Intersex children are in effect subjected to, without their consent, experimental surgery. No person involved in this experimentation could be regarded as dispassionate. Parents who might hold homophobic, religious or cultural views are likely to insist on an assignment and would be easily persuaded to authorise surgery. Doctors are inclined to be over-willing to offer solutions to distressed parents, and nearly all doctors adhere to common perceptions of maleness and femaleness.
The child is present only as a body with two possibilities and no will in these considerations.
Intersex children grow into intersex adults, and there they are forced to adopt the behaviours and rules of maleness or femaleness, or be ostracised without recourse. On the way to adulthood we may be lied to, to convince us we need further surgery, to be given hormones under every pretext but the truth, and suffer loss of genital sensation as a result of surgery. Even the Rolls Royce of surgery cannot prevent scarring and loss of sensation.
As adults, if we reject our birth assignment we are further pathologised by being thought of as mentally ill. We are diagnosed as transsexual without ever having been tested for an underlying intersex diagnosis (a requirement of the standards of care demand this testing be done, however OII is unaware of any country that actually does it). Were it known we are intersex, then we are diagnosed as having a Gender Identity Disorder Not Otherwise Specified (GIDNOS) under the Diagnostic & Statistics Manual IV (DSM-IV). To diagnose us with a mental disorder completely relieves the birth assigning doctor of any responsibility for mistakes he may have made. The assigned carries the mistake completely; in law, in their embodiment, and in their psyche.
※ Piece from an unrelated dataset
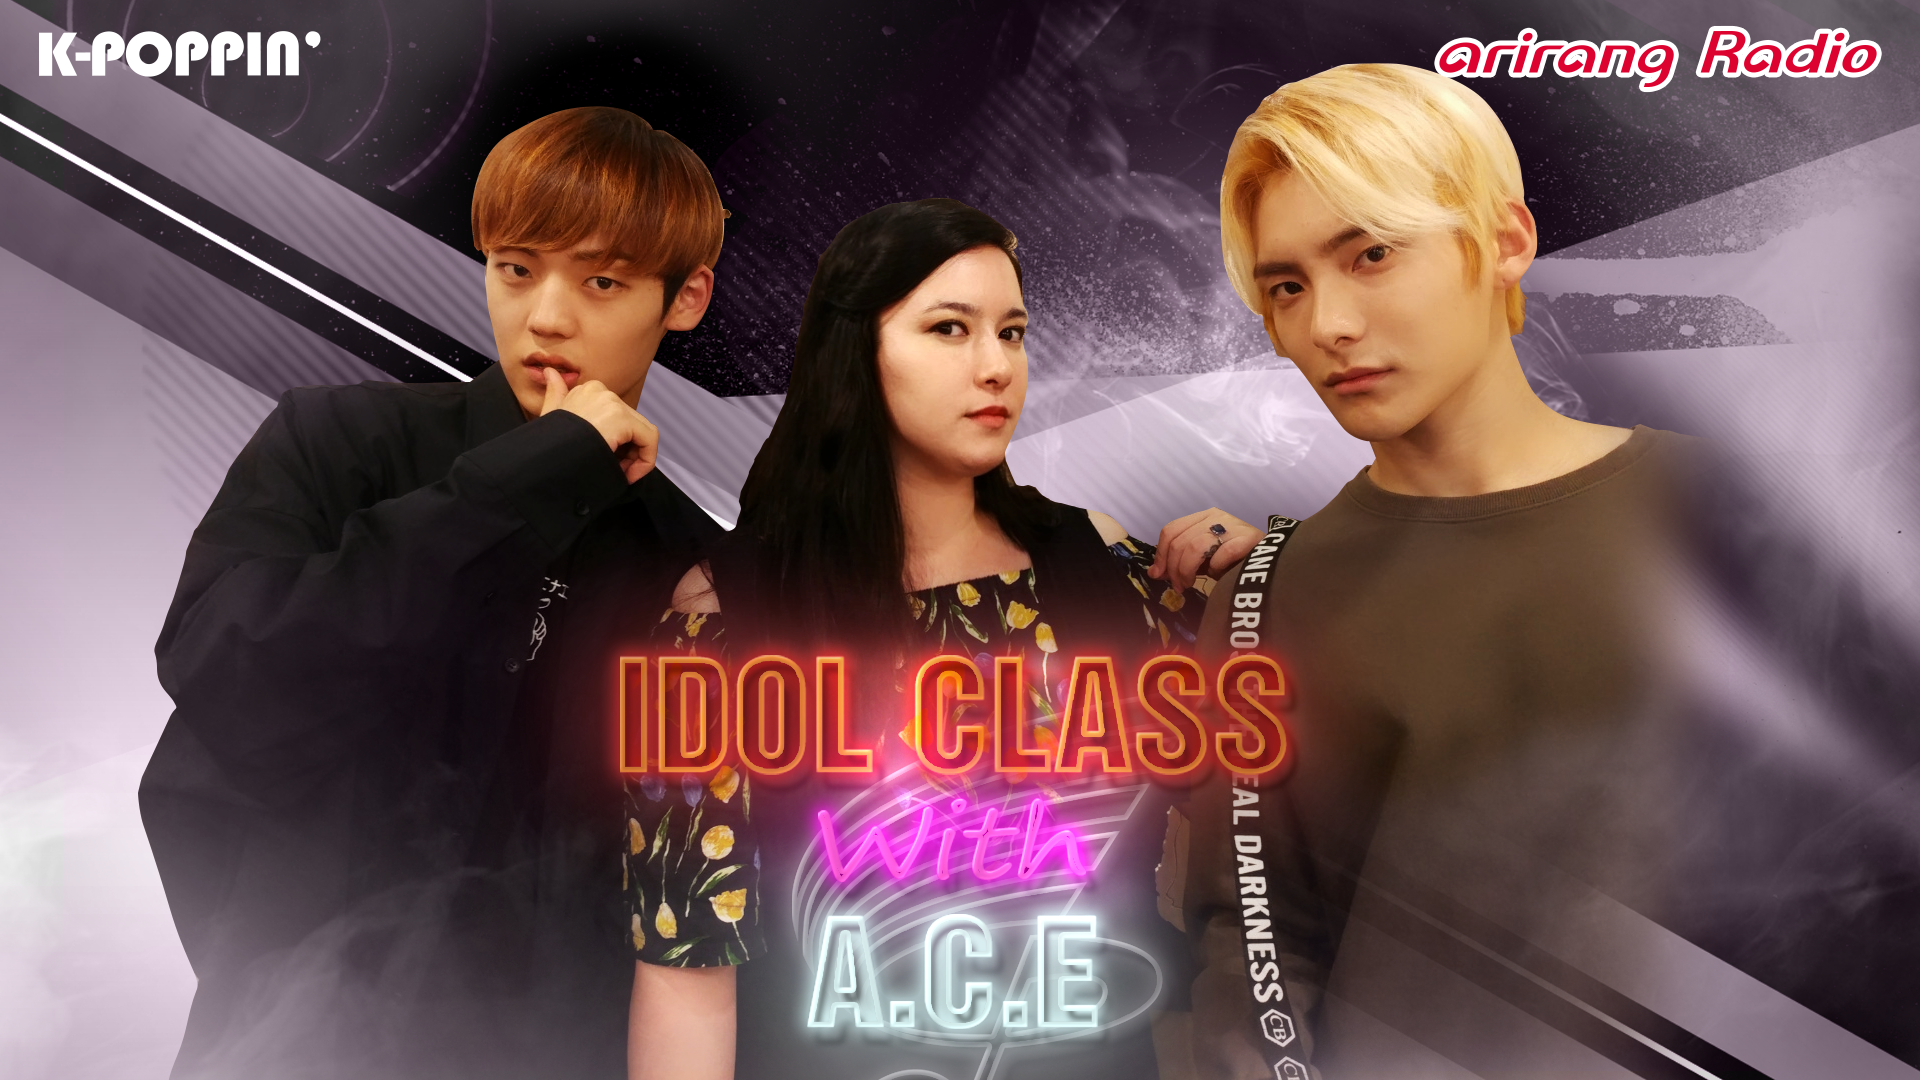 IDOL CLASS with A.C.E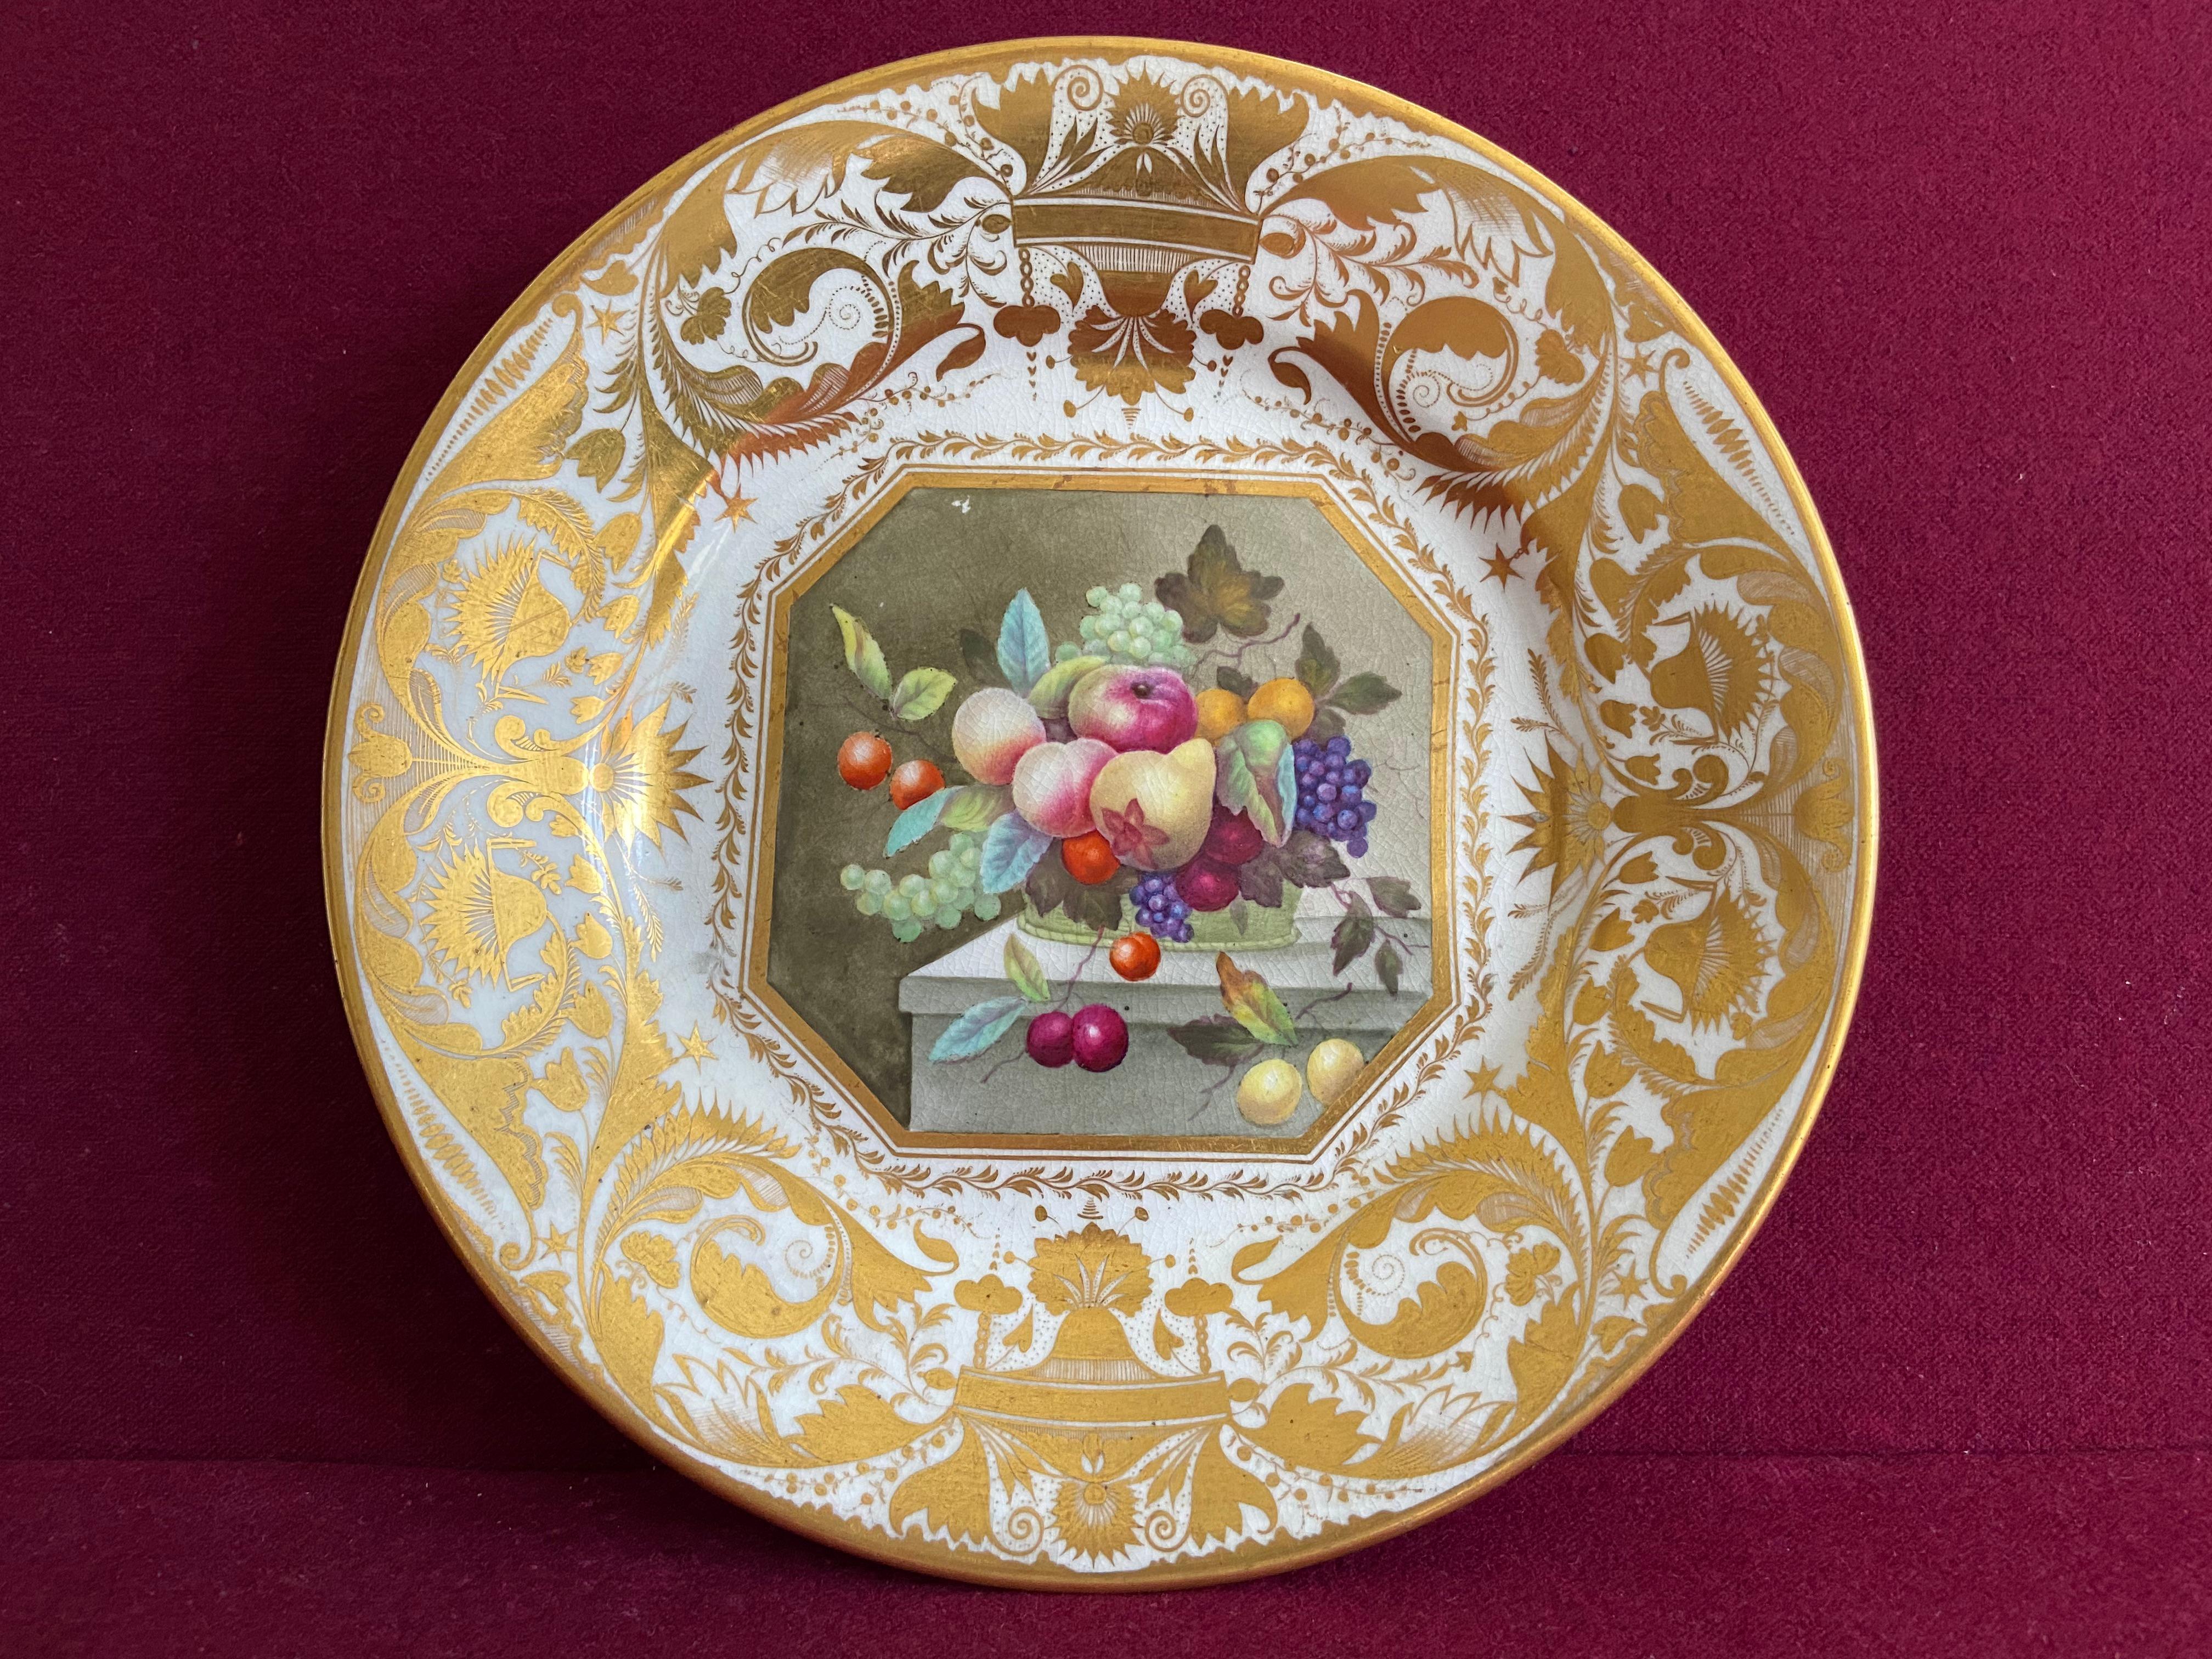 A very fine Derby porcelain dessert plate c.1815. Deecorated by Thomas Steel with a panel of fruits in a wicker basket on top of a marble table. The border decorated with rich elaborate gilding. Crimson Derby mark to the underside of the

I ask you to consider intersex as a special case when you are thinking about Human Rights. We are often male, and often female, and we are sometimes both or neither, and we are, however, always intersex. The only certain way to ensure our human rights is to name us. Protections under gender difference or identity laws have not protected us because intersex is not a gender. Protection under sex discrimination does not protect us because we are not seen as a sex. Protection under sex and gender diversity does not protect us because both those terms always refer to male and female .
We are sometimes used as a vehicle by special interest groups such as GLBT to demonstrate the uncertainties of sex categories. You will see us tacked on to the end of GLBT as in ‘GLBTI.’ Ask those GLBTI organisations who their intersex representative is. In Australia, the most common answer will be “No one!”
We have been used in the marriage debate where the union shall be between a man and a woman. If there was any truth to this law, intersex who are neither men nor women would be unable to marry. Intersex who are both man and woman at once would, at least partly, belong to a same sex marriage. Never have intersex individuals been asked to participate in these debates – we are simply an academic tool used in the interests of a wider agenda. Never, when intersex have been used as part of a debate about sex and sex diversity, have intersex rights ever emerged.
I am reading your book with interest, however I have not come across any part where intersex would have any more rights in their lives than they have now; and that’s none!
The only way we can have any legal status is by pretending to be one of you. I cheekily assume you are not one of us in the same way that it is assumed, every day of my life, by nearly everyone I come into contact with, that I am not one of them.